First We should create a mathematical criteria of rule quality and effectivly. (I suppose that this criteria reject/commit new rules and remove old rules) The first and main criteria is ham/spam ratio for whitelist rules (score<0) and spam/ham ratio for blacklist rules (score>0). The second criteria is "popularity" or "wide" - ham/totalhams from whitelist rules and spam/totalspams for blacklist rules. The third criteria is correlation this other rules. For bayes rules correlation = 0; Itis good. For better quality all coefficients must be > 200. There are rules that have biggest Ratio (big scores) but work seldom. There are rules that have small Ratio (small scores) but they work almost in every message and there are many rules of this type. We dont need rules whith small scores that work seldom. The total criteria I define as production Ratio*Wide
> so the score optimizer (GA or the perceptron) Why you use Genetic Algorith and perceptron, but not use some Statistical Rules? For example Score = log(spams/(20+hams_detected_as_spam)) for blacklisted rules. (20 is a penalty for low accuracy data)
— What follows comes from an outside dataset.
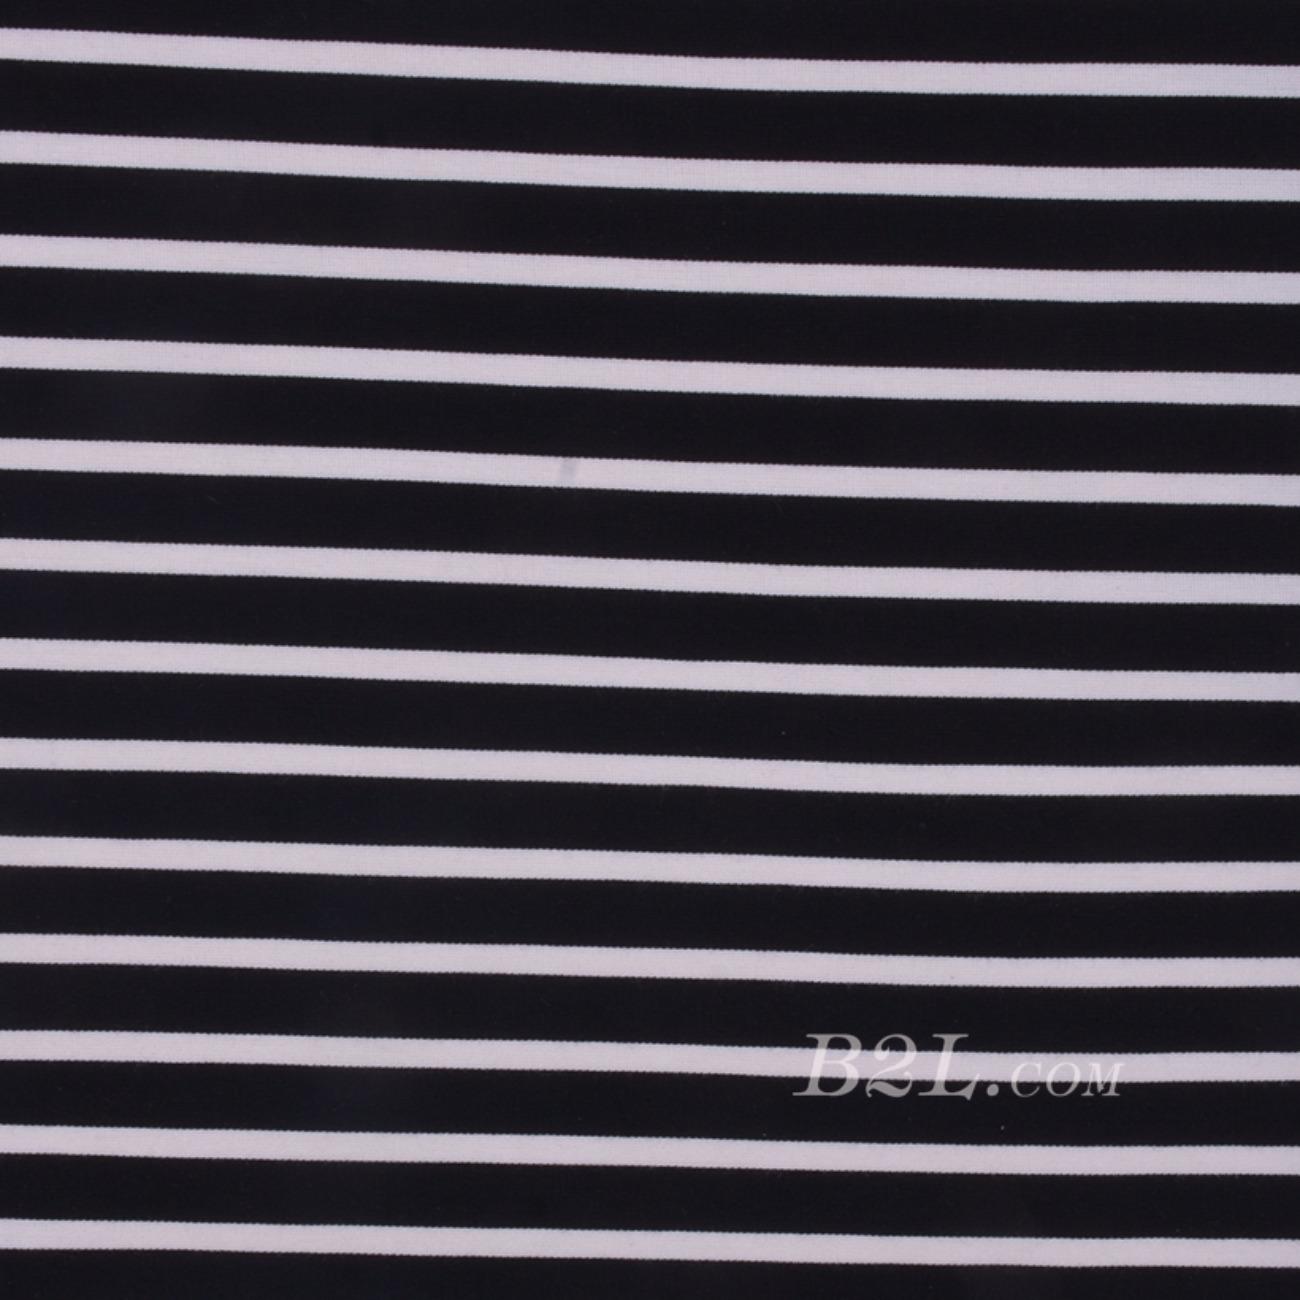 现货 条子 横条 圆机 针织 纬编 T恤 针织衫 连衣裙 棉感 弹力 60312-22

Subject: Re: bayes scores > First We should create a mathematical criteria of rule quality and > effectivly. > > (I suppose that this criteria reject/commit new rules and remove old rules) > > The first and main criteria is ham/spam ratio for whitelist rules > (score<0) and spam/ham ratio for blacklist rules (score>0). We already have criteria. We use the S/O ratio (spam/overall = spam/(ham+spam) using a 50/50 weighting of ham to spam so the weighting is constant). High is good for spam rules. Low is good for ham rules. We also use a RANK number which is a relative ranking system of each rule compared to every other rule. We also use the hit rate. SPAM% for spam rules and HAM% for ham rules. And also we use overlap (or correlation) of rules to eliminate rules that overlap with other rules too much. At the end of the day, however, the only thing that matters is the score generated by the perceptron. It does a better job than other simple measures of setting scores because interactions between rules are too complicated to represent with simple formulas.
>we already have criteria. >We use the S/O ratio (spam/overall = spam/(ham+spam) using a 50/50 >weighting of ham to spam so the weighting is constant). High is good >for spam rules. Low is good for ham rules. >We also use a RANK number which is a relative ranking system of each >rule compared to every other rule. RANK - is simple sorting by other criteries? >We also use the hit rate. SPAM% for spam rules and HAM% for ham rules. Thank you for criteria! We have 3 coefficient - R/0, HitRate and Overlap What about Potencial Forging? Lets speak about R/0, HitRate What should be R/0 and HitRate for new rule, that rule will be accepted? Can we public formula R/0*HitRate > something to accept new rules? Where users can found R/0 and HitRates for all rules? At page http://www.spamassassin.org/tests.html I see only scores. Can we public corpus size, number on hams/spams, and R/0 ratio and HitRate for every rule on this page? Thank you?
For Bayes rules we should select intervals, that maximize the sum of R/0*HitRates BAYES_INTERVAL1 R/O*HitRate = B1 ...... BAYES_INTERVALN R/0*HitRate = B2 Sum = B1 + ... + BN
For Bayes rules we should select intervals, that maximize the sum of R/0*HitRates BAYES_INTERVAL1 R/O*HitRate = B1 BAYES_INTERVAL2 R/O*HitRate = B2 ...... BAYES_INTERVALN R/0*HitRate = BN Sum = B1 + B2 + ... + BN, N = fixed I think, this sum will be maximum, if b1 will be about b2, b2 about b3 ... b1 about bn -------- Other idea is to transfer bayses probability to scores Bayes_Score = Constant1*log(BAYES_PROBABYLYTY) if BAYES_PROBABYLYTY < 0.5 Bayes_Score = -Constant2*log(1-BAYES_PROBABYLYTY) if BAYES_PROBABYLYTY > 0.5 We should select only Constant1 and Constant2
Closing as WORKSFORME, maybe we'll tweak the ranges, but I don't want to argue with you about it.